Listening is a funny skill. For many leaders, it is a non-skill.
However, what could be a more fundamental skill for hiring talented teams, leading people, or closing the next big sale?
And what skill is more important in getting hired for your dream job and achieving career success?
Beginning during my Ph.D. training as a psychologist, and over the subsequent two decades as an and leadership advisor, I observe that there are 5 degrees of listening skills.
Here they are from worst to best:
1. The worst way to listen is to not listen. To just talk. It’s really hard to listen when you are the one making all of the sounds in the room. Don’t be the one doing all the talking.
2. The second worst way to listen is simply to not talk. Your future boss may think that you are not smart enough to keep up, or you don’t really care, if you just sit there and don’t talk. Not talking is not the same thing as actively listening.

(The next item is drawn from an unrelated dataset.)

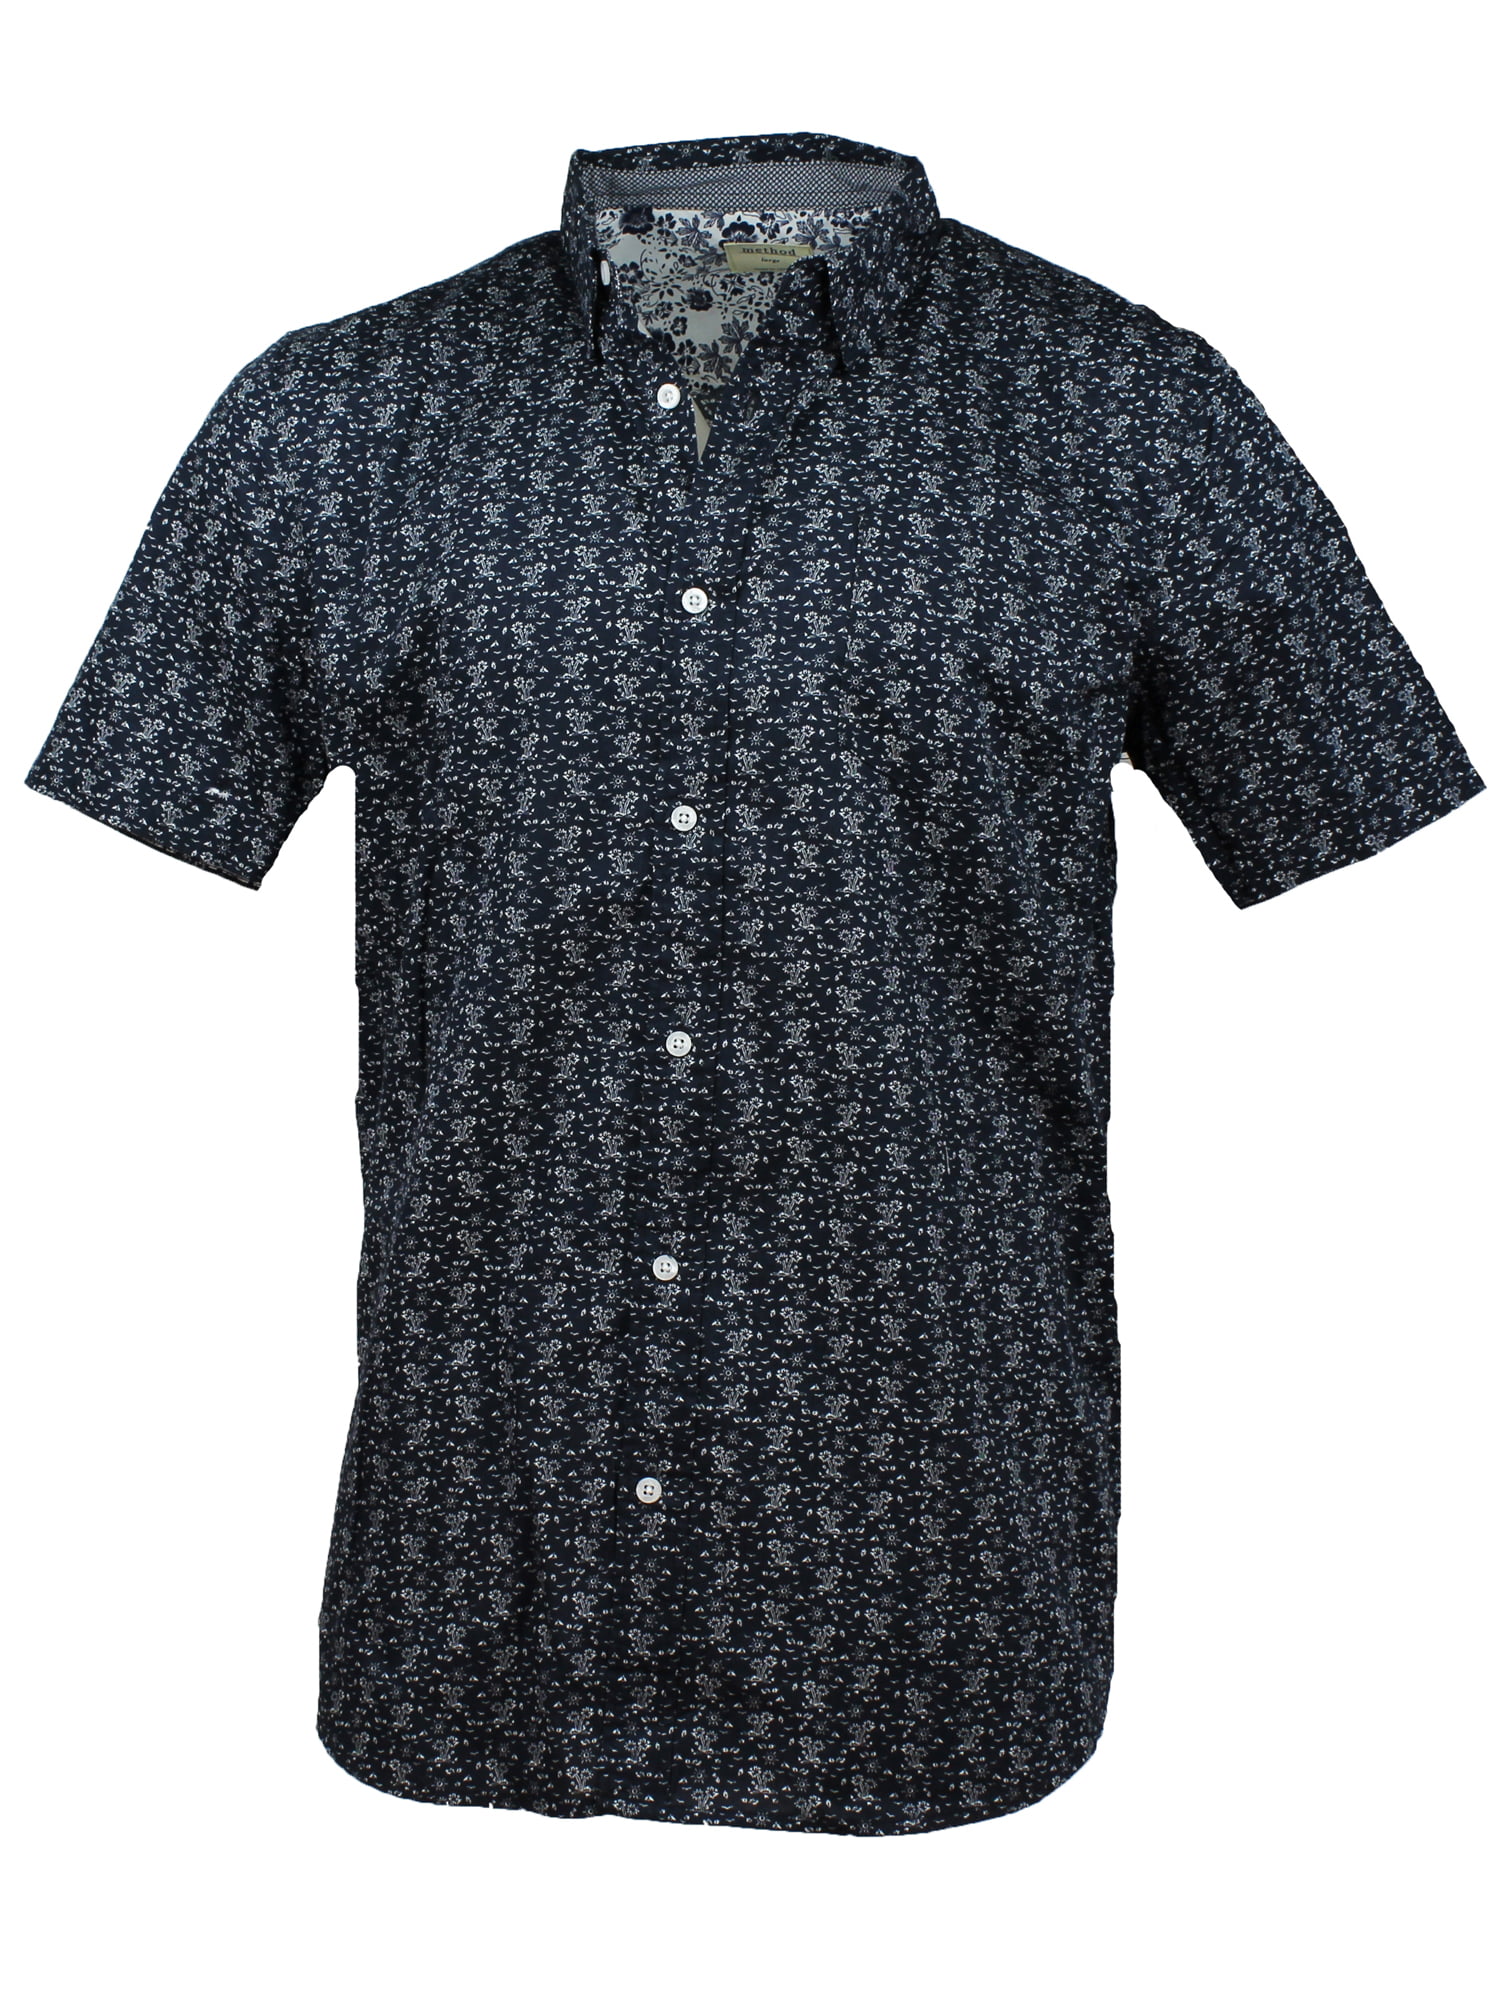 Method Mens Short Sleeve Woven Button Up Shirt (Dress Blues/Islands, XX ...

3. Nod and say “mmm hmm.” Oh good, at least there is a pulse in you. But just nodding and making moaning noises is not super insightful and does not build rapport as well as the next two levels of listening.
4. Reflect what you heard. Just say what they just said. If they said, “Our growth strategy is primarily through international expansion,” then a pure reflection would be to say, “So your growth strategy is international.” Your future boss will say, “Yep,” and will be only mildly impressed with you.
5. Reflect the “emotion behind the statement.” Imagine if your future boss just told you that the industry is changing extremely fast, and that the company has been struggling to change as fast as the industry is changing. She told you this with a frown on her face.
Degree 4 would be to say “The industry is changing fast. The company has to change fast.” This is child’s play compared to the Degree 5 listening where you reflect the emotion behind the statement.
Degree 5 listening would be something like, “It sounds like everything is changing so fast. It must be stressful keeping up.” Your future boss will say, “Yes, it is.” Then you add, “You need to count on your team, and know that they can keep up with the speed of change.” Your future boss will say, “Exactly.” Once you first hear the word “exactly,” the probability that you will receive a job offer is at least 80%. That is because your future boss feels that you understand him or her, that you care, and that you are the person to deliver them something good (like results), or to remove something bad (like stress). We are animals. We seek safety with others. We need to know whether someone is an ally or an enemy. Reflecting the emotion behind a statement can help leap-frog you right into “ally” mode with your future boss, and get you your dream job.